Twelve people were killed as a car bomb went off near a Frontier Corps vehicle on the roads of Quetta. However, that was just the start of a day that would soon prove to be one of the bloodiest in the history of the city. According to eyewitnesses, a second bomb blast took place inside a crowded snooker room in the heart of the city. As emergency workers, police officials and the media rushed to the site, a third bomb exploded right outside the same building. Due to the large crowds prevalent at the site of both explosions, the number of casualties was unusually high.

Police officials claimed that the explosion that occurred inside the snooker club was a suicide blast, and the one that occurred right outside the very building was a car bomb blast. The latter two attacks occurred in a primarily Shia minority locality, raising fears of further sectarian tension in the already divided state. Soon after the blasts, a Sunni extremist group, Lashkar-e-Jhangvi, claimed responsibility for the attacks, saying that they targeted the predominantly Shia Hazara community which has settled into Quetta. Earlier in the day, the United Baloch Army (UBA) claimed responsibility for the attack on the Frontier Corps vehicle.

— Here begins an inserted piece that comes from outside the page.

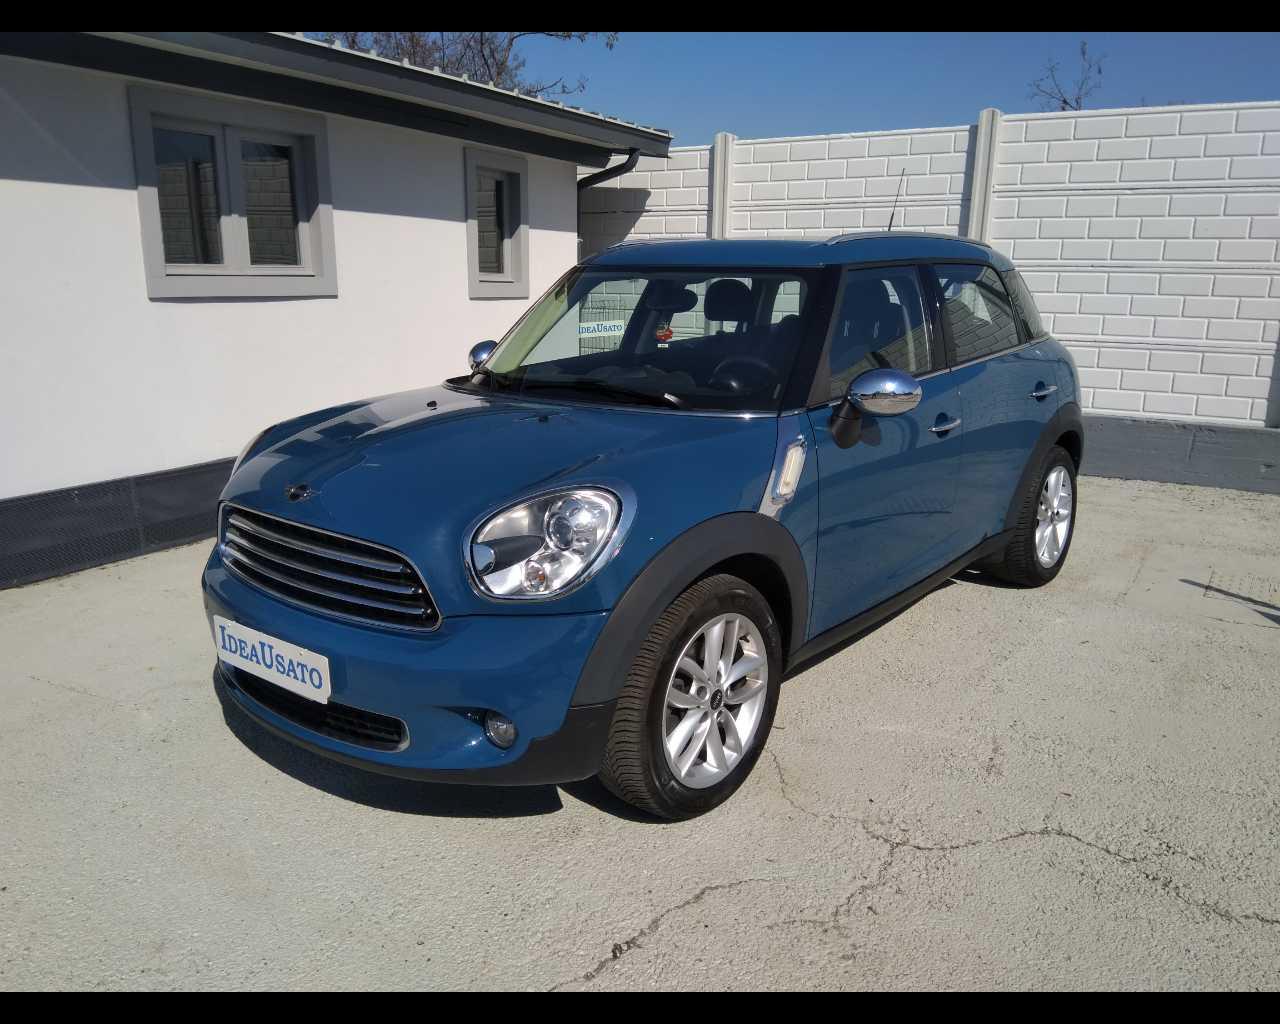 MINI  Mini Countryman 1.6 Cooper D, Diesel, €8.900 - Mini Countryman R60 - Mini Countryman 1.6 Cooper D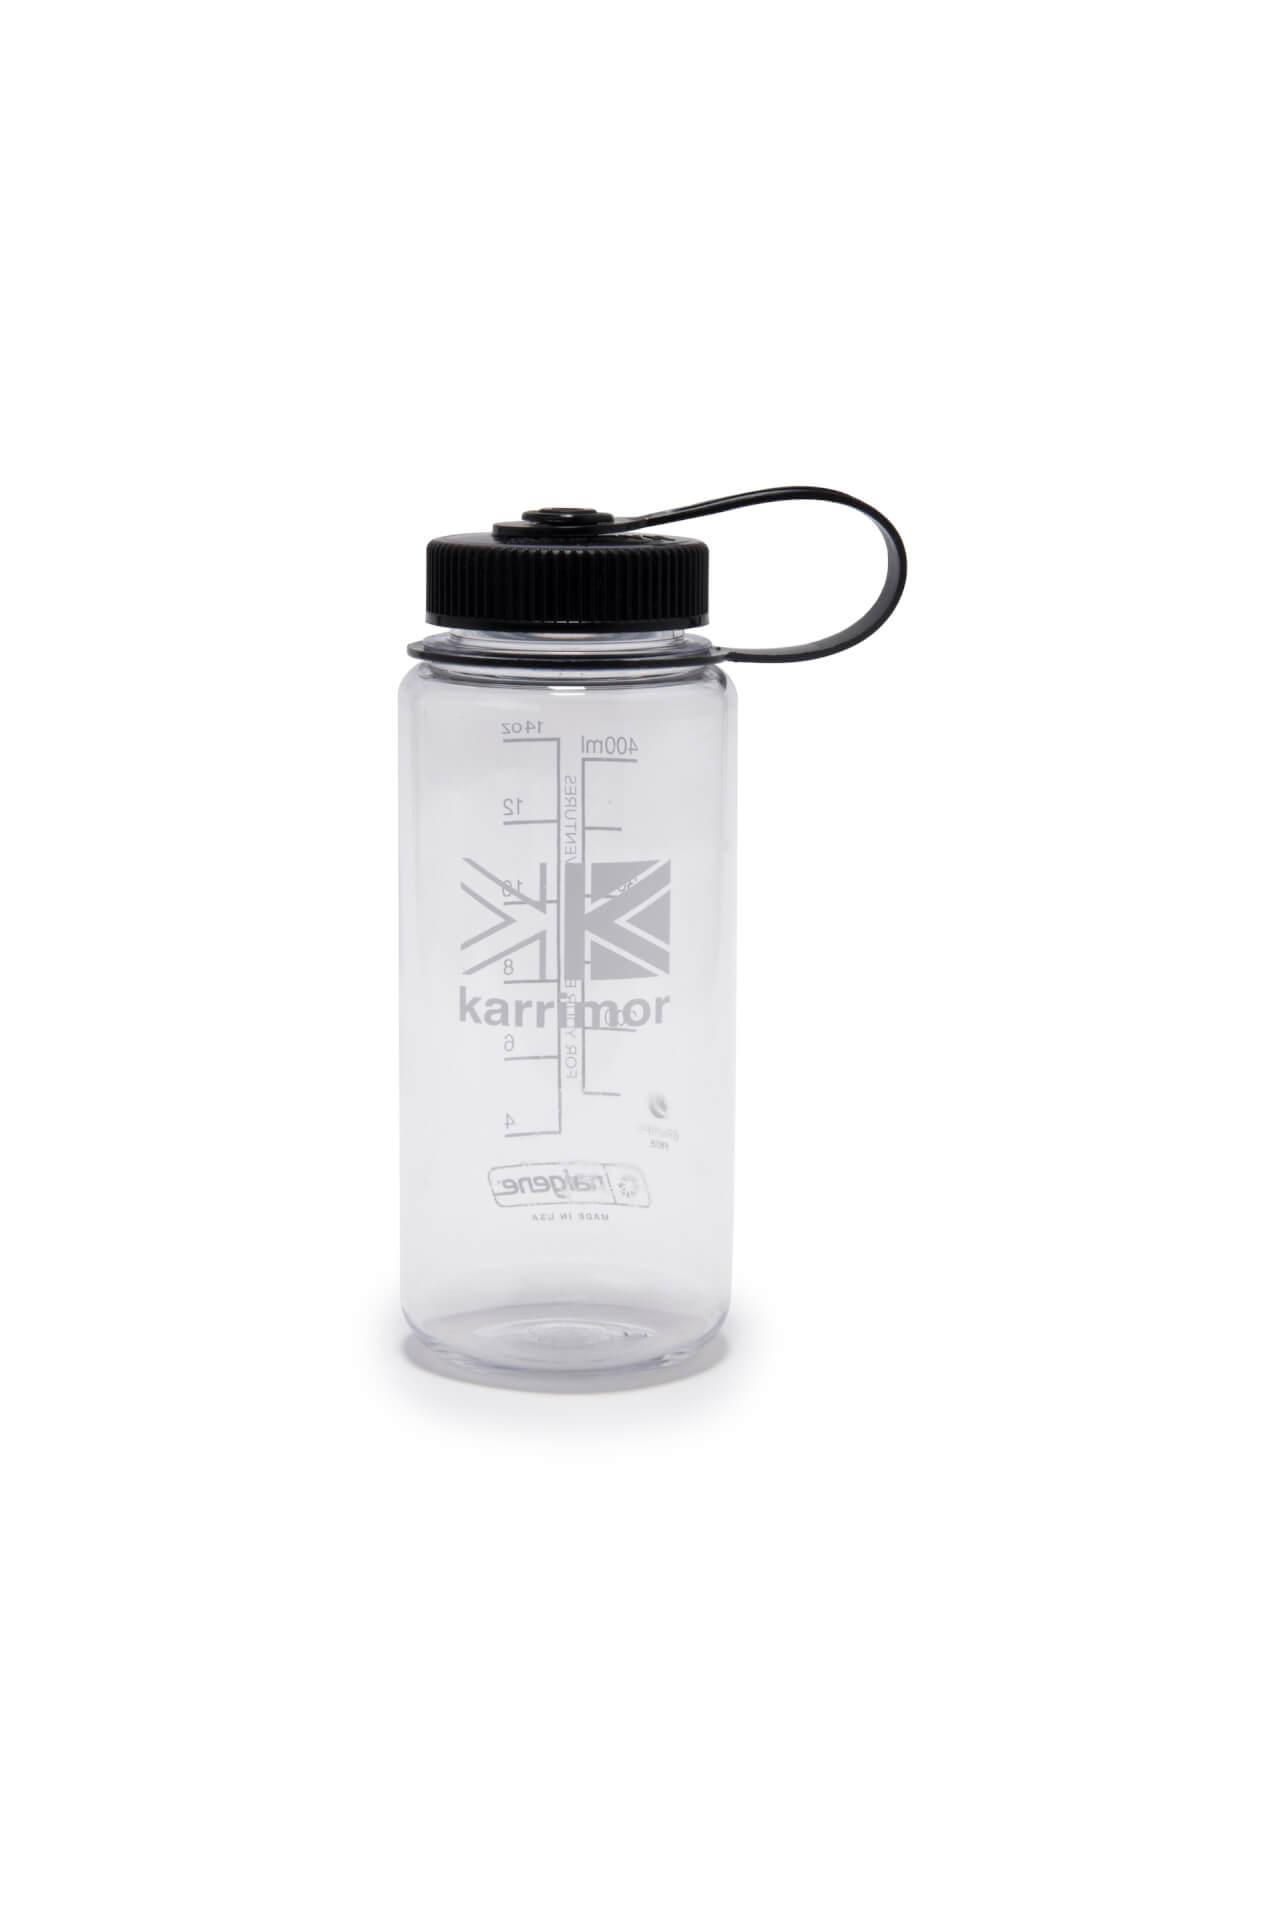 カリマーが無料給水サービスにも利用できるボトルを発売!Nalgenとのコラボアイテム life210601_karrimor_bottle_12

Balochistan has witnessed unprecedented violence ever since the independence of Pakistan. Various separatists groups have constantly attempted to implement their own agendas through the use of limitless violence on innocent citizens. A number of major army operations in the province have failed to curtail such violence in the long run. The government has failed to negotiate with the number of groups. Sectarian conflicts between Shia and Sunnis have also caused immense loss of life over the past couple of decades. Balochistan-based nationalist groups have continually targeted frontier corps forces as well as other army personnel since they detest the presence of the army in their homeland.